Forgetting oxygen by difference
In combustion analysis (like Example 5), students often forget that oxygen’s mass is found by subtracting the masses of C and H from the total. This “by difference” approach is standard in real labs and is described in many general chemistry textbooks hosted by universities (for example, open-course materials from MIT or other .edu sources).

Confusing empirical and molecular formulas
Several of the best examples here (CH₂O especially) are empirical formulas that correspond to multiple possible molecular formulas. To go from empirical to molecular, you need the molar mass from experimental data (such as mass spectrometry). The empirical formula alone gives ratios, not exact atom counts.

FAQ: Short answers built around real examples

Q: Can you give a simple example of finding an empirical formula from percent composition?
Yes. A classic example of this process is a compound that is 40.0% C, 6.7% H, and 53.3% O by mass. Assuming 100 g, converting to moles, and normalizing the ratios leads to an empirical formula of CH₂O. This is one of the most widely used examples of empirical formula from percent composition in introductory chemistry.

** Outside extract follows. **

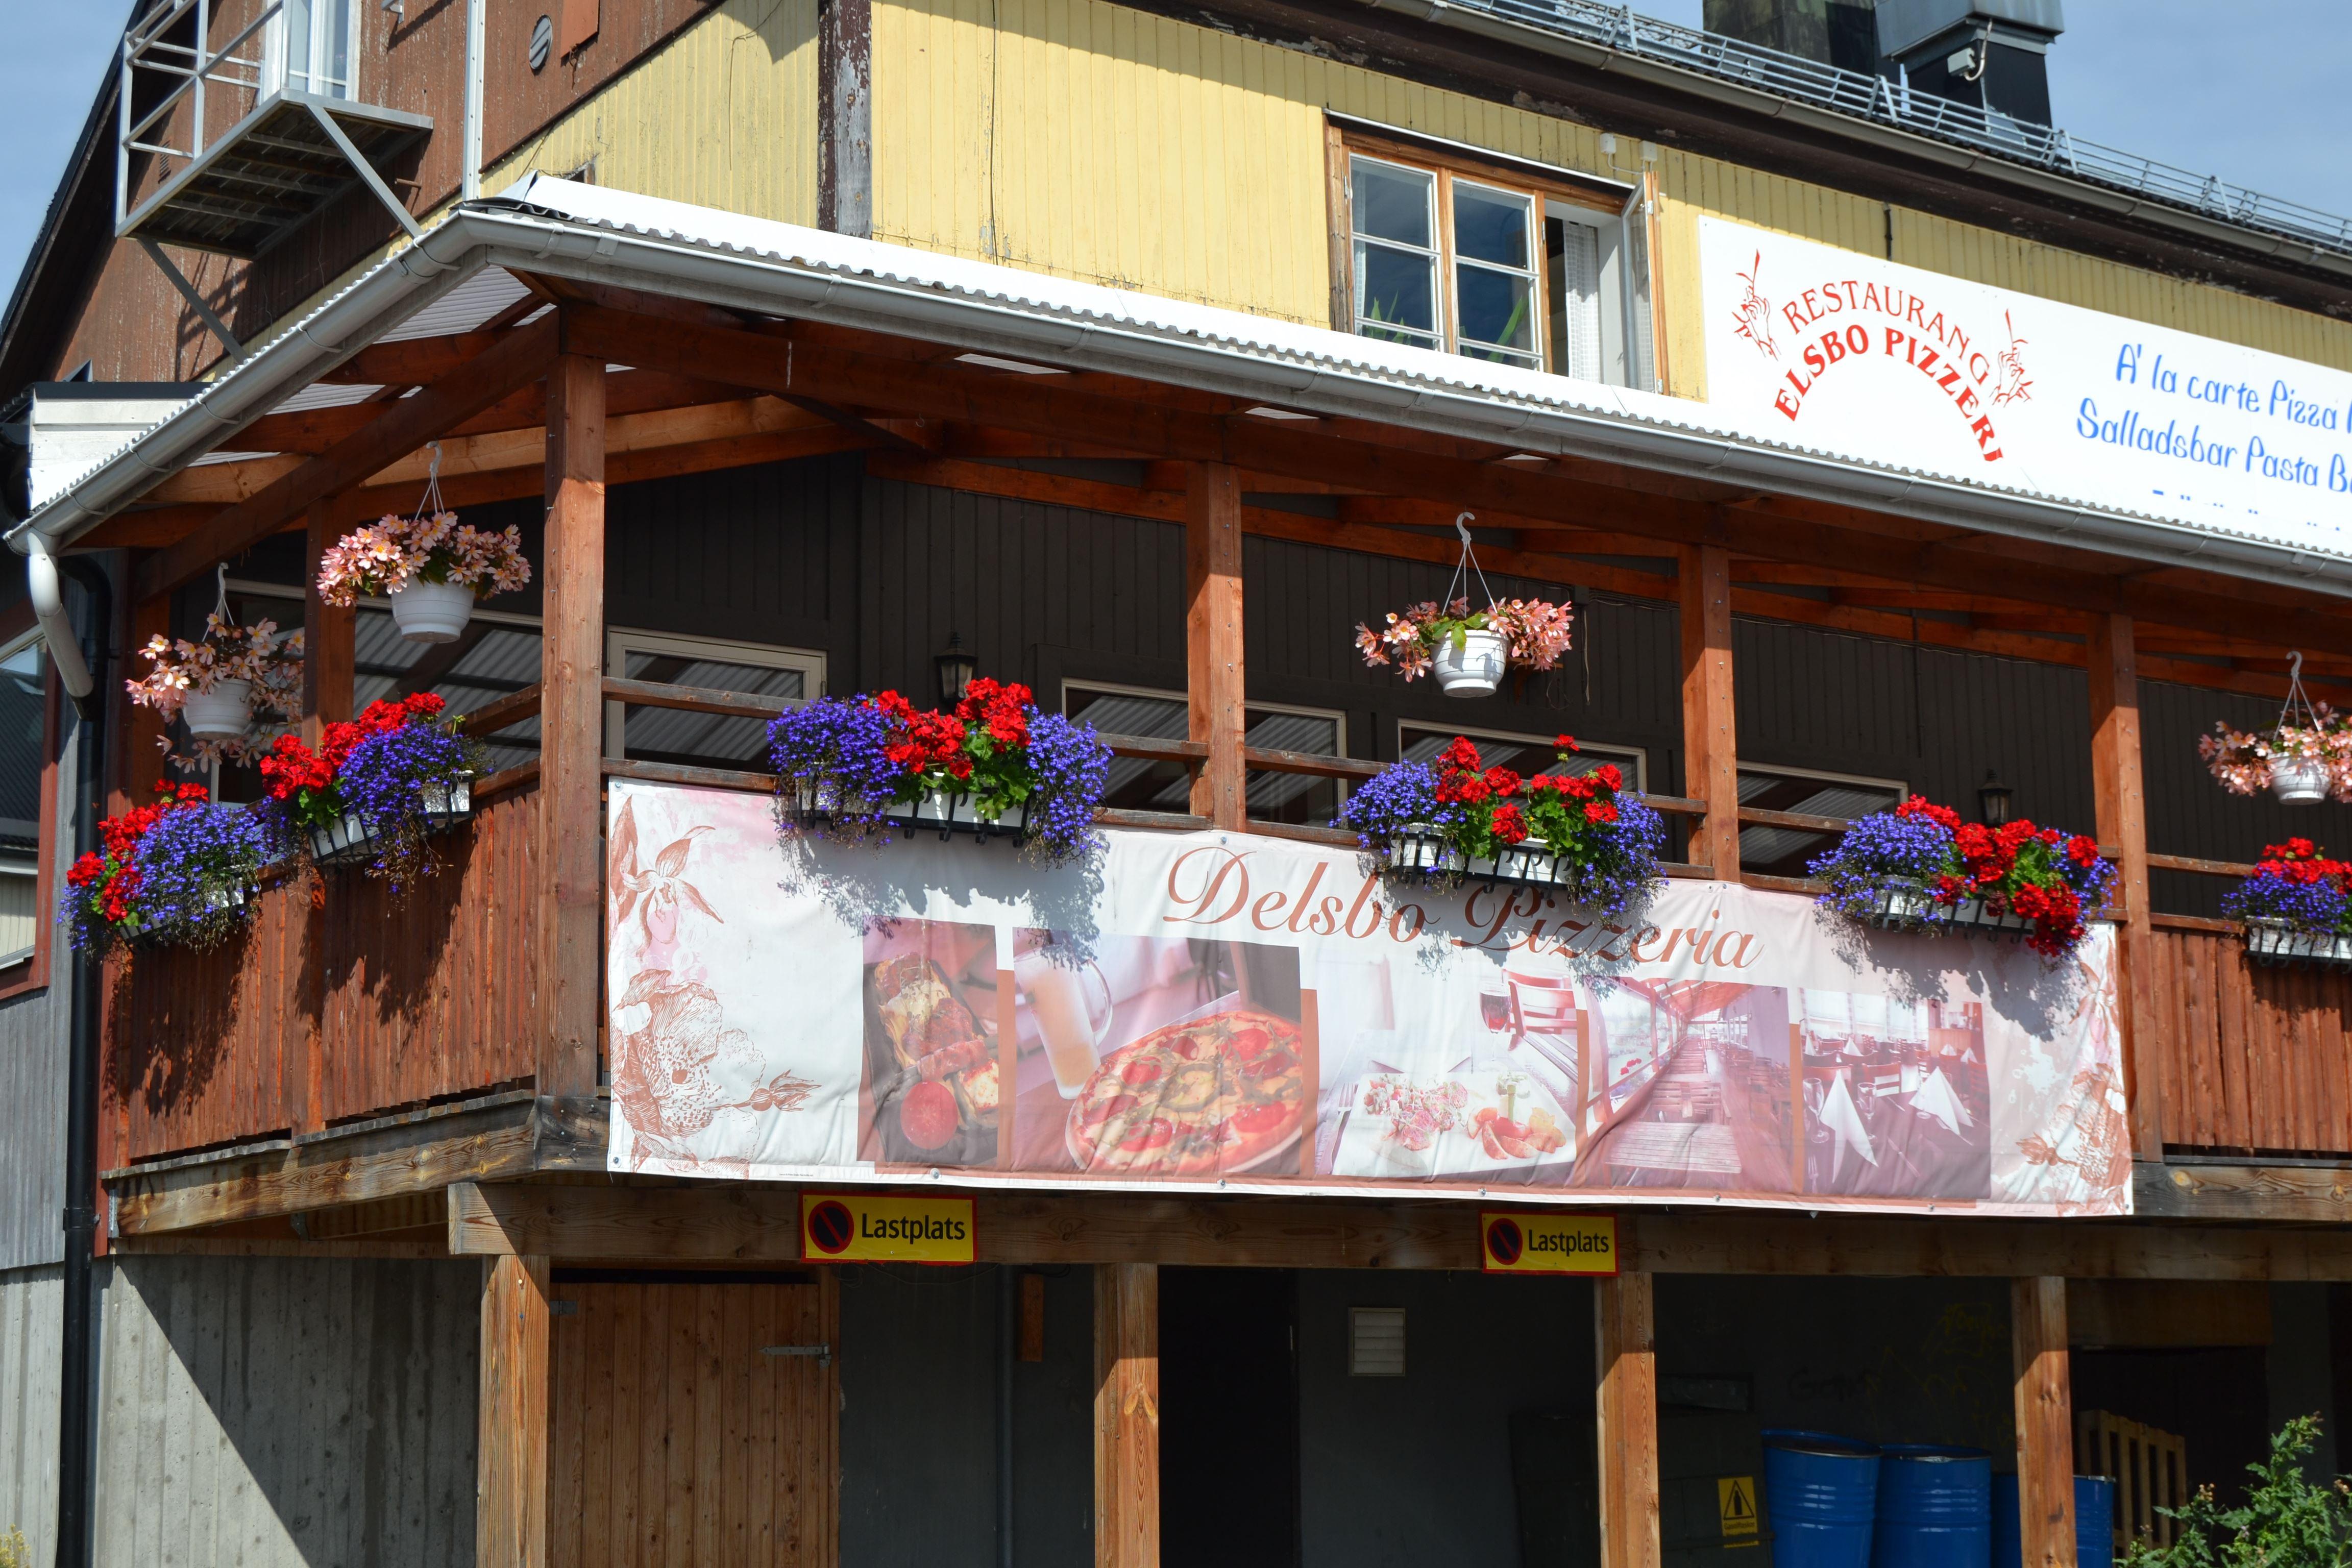 © Visit Glada Hudik, Delsbo Pizzeria - Restaurang Svea

Q: How do I know if my mole ratios are correct in these examples of empirical formula calculations?
After dividing by the smallest mole value, check whether the numbers are very close to whole numbers or simple fractions like 1.5, 2.0, 2.5, or 3.0. If you get 1.50, 2.00, and 3.00, multiply all by 2 to clear the half. Comparing your result to known patterns (such as CH₂O for carbohydrates or NO₂ for nitrogen oxides) can also help you spot unrealistic answers.

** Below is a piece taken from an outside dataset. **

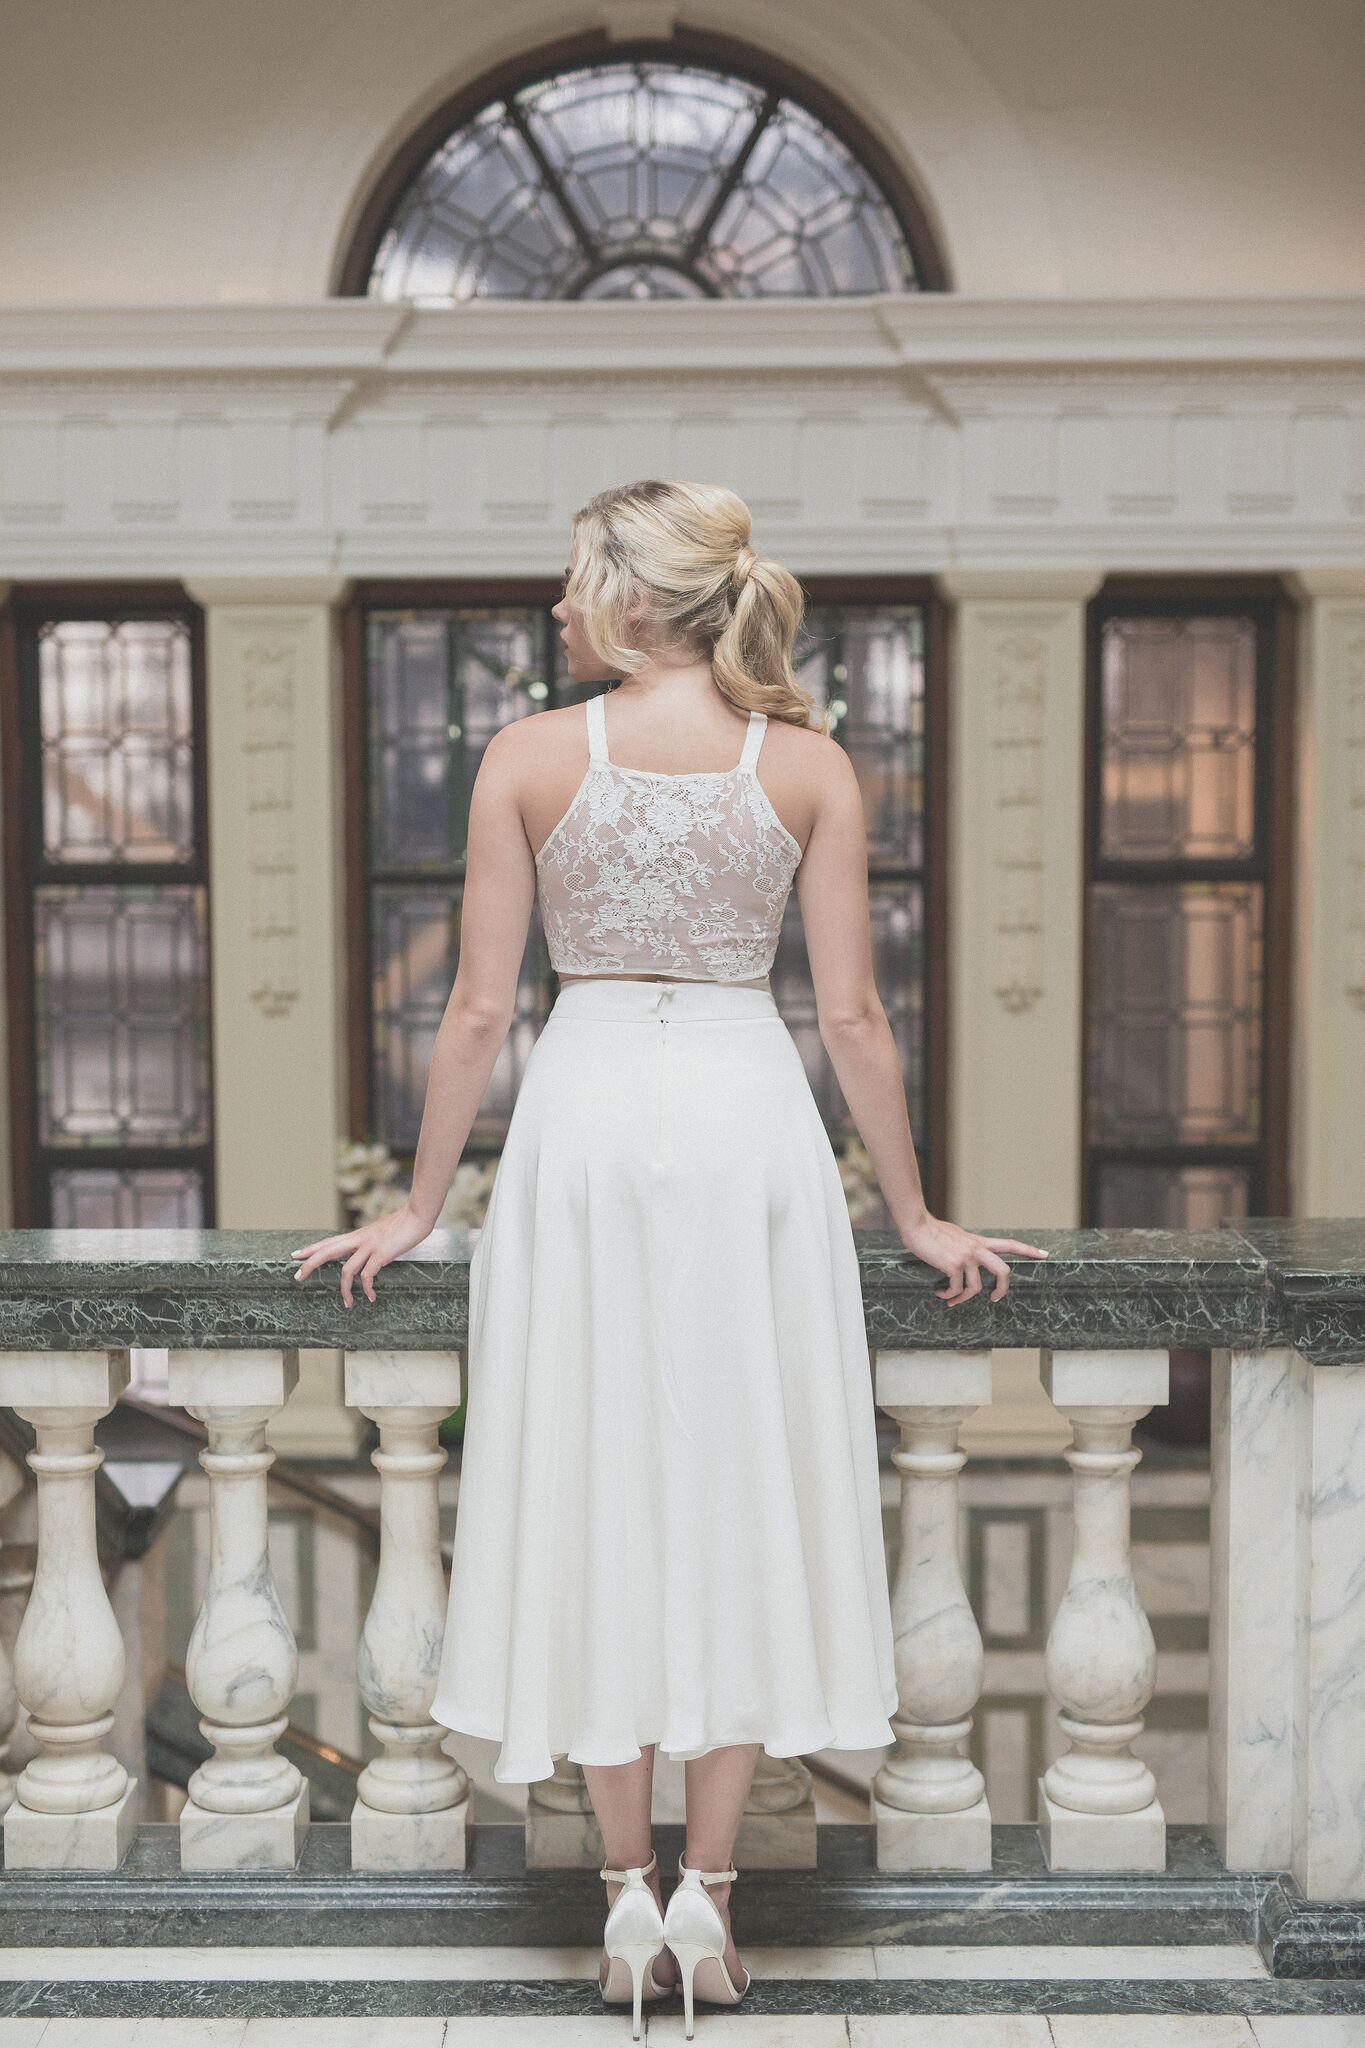 Thomas Skirt | Registry office wedding, Bridal separates and ...

Q: Are there real-world examples of empirical formula from percent composition outside the classroom?
Absolutely. Environmental chemists analyzing air pollutants, pharmaceutical chemists checking the composition of new drug candidates, and materials scientists characterizing new compounds all use percent composition data to confirm empirical formulas. These are not just made-up textbook problems.

Q: What’s the difference between an example of empirical formula and an example of molecular formula?
An empirical formula shows the simplest whole-number ratio of atoms (like CH₂O), while a molecular formula shows the actual number of atoms in a molecule (like C₆H₁₂O₆). Multiple molecular formulas can share the same empirical formula, which is why percent composition alone can’t tell you everything about structure.

Q: Where can I find reliable reference data for atomic masses when working through these examples?
For accurate atomic weights and related data, chemists often use resources from the National Institute of Standards and Technology at nist.gov. University general chemistry pages (.edu) are also reliable for quick periodic tables and worked examples.

If you can comfortably walk through each of these examples of empirical formula examples from percent composition, you’re in good shape for both exams and real lab work. The math is repetitive by design; the more you practice on real examples, the more automatic the process becomes.